Fig. 1 is a partially sectional perspective view showing an common ignition coil;
Fig. 2, is a partially sectional view showing an arrangement of an ignition apparatus
used in a DLI type internal combustion engine;
Fig. 3 is a partially sectional perspective view showing the iron core portion of
an ignition coil in accordance with a first embodiment of the present invention;
Fig. 4 is a partially sectional perspective view showing the iron core portion of
an ignition coil in accordance with a second embodiment of the present invention;
Figs. 5, to 10 are explanatory drawings for explaining an advantage obtained when
two permanent magnets are disposed in the closed magnetic path, in which
Fig. 5 is a graph showing respectively the voltages generated in the secondary coils
of ignition coils used in various examples for making a comparison;
Fig. 6 is a sectional view showing the iron core of an elongated ignition coil;
Fig. 7 is a graph showing bias magnetic flux densities at respective detecting positions
on the iron core in a second comparison example;
Fig. 8 is a sectional view showing the iron core of the elongated ignition coil used
in the second comparison example;
Fig. 9 is a graph showing bias magnetic flux densities at respective detecting positions
on the iron core in a third comparison example; and
Fig. 10 is a sectional view showing the iron core of the elongated ignition coil used
in the third comparison example;
Fig. 11 is a sectional view showing the iron core of a prior art ignition coil disposed
in a plug tube; and
Fig. 12 is a graph showing a comparison in the magnitude of the generated voltage
in the secondary coil between two prior art ignition coils.
[0013] Figs. 1 and 2 show an common ignition coil mounted on a DLI type internal combustion
engine.

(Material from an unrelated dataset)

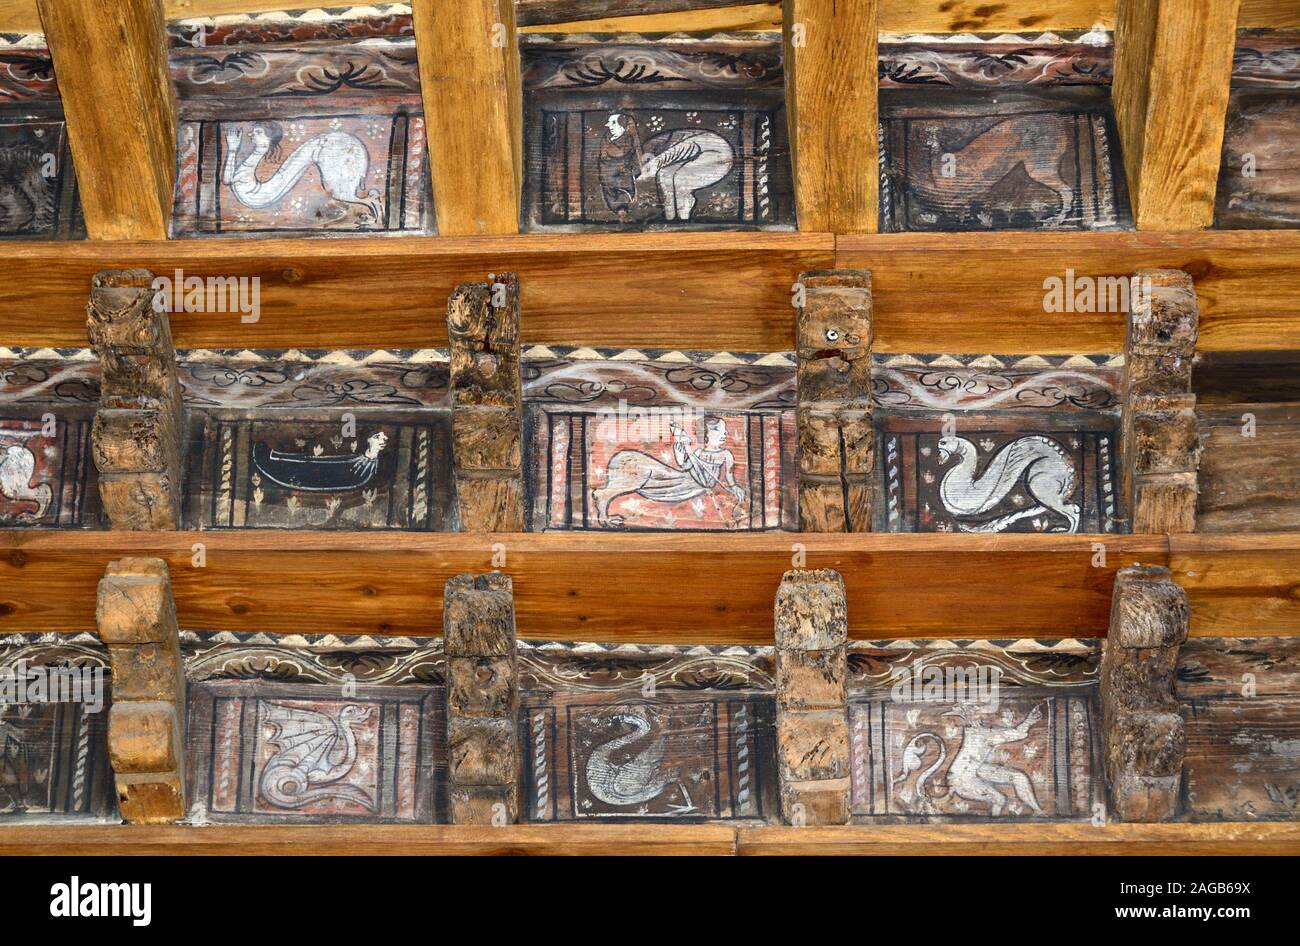 Plafond peint avec bestiaire médiéval Cathédrale de Fréjus Frejus Var Provence France Banque D'Images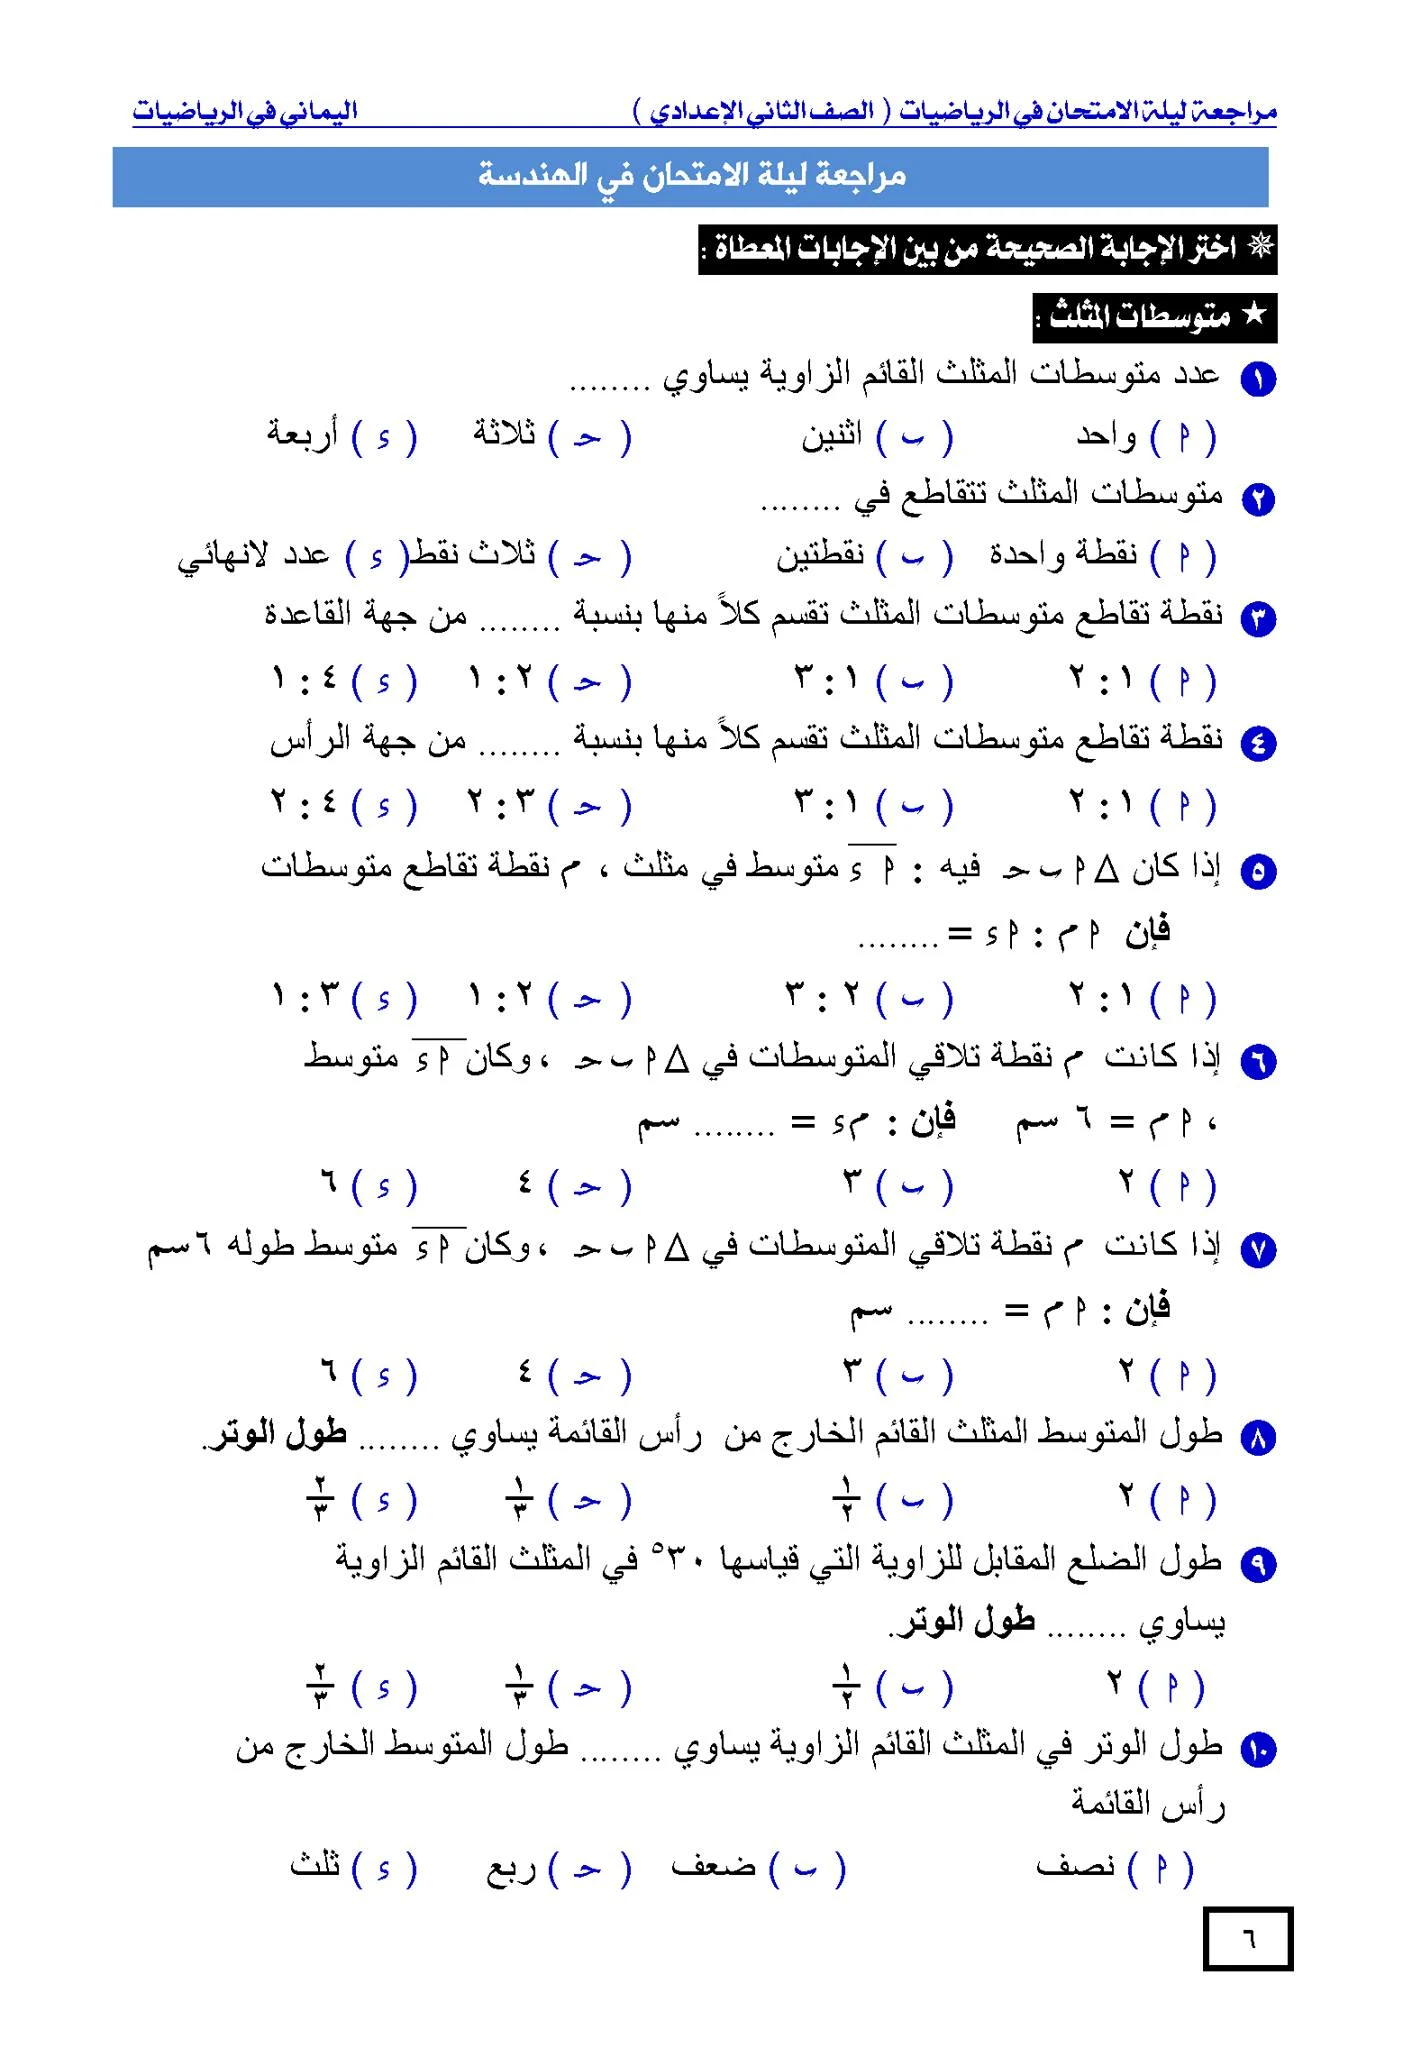 صور من مراجعة ليلة الامتحان في الرياضيات للصف الثاني الإعدادي 2020 - 2021 حسب الإمتحان المجمع

Fig. 2 shows the DLI type internal combustion engine.
[0014] An ignition coil 1 is connected directly with a spark plug 14 disposed in a cylindrical
plug tube 13 made of a conductive material such as iron, aluminium, etc. located between
two banks 12 formed on a cylinder cover of a DLI type internal combustion engine 11.
In the shown internal combustion engine, one ignition coil 1 feeds one spark plug
14 with a high voltage. The plug tube 13 is a part or component made of a conductive
material.
[0015] The ignition coil 1 is composed of a primary coil 2, a secondary coil 3 and an iron
core 10.
[0016] The primary coil 2 is wound on a bobbin (not shown in the figure) which is disposed
around a first core 4 of the iron core 10 stated later. One end of this primary coil
2 is connected through a terminal 21 with a battery (not shown in the figure) mounted
on a vehicle. Further, the other end of the primary coil 2 is connected also through
the terminal 21 with an igniter (not shown in the figure). The igniter makes switching
between a conductive state (I
l = 6.5A) and a non-conductive state of the primary coil 2.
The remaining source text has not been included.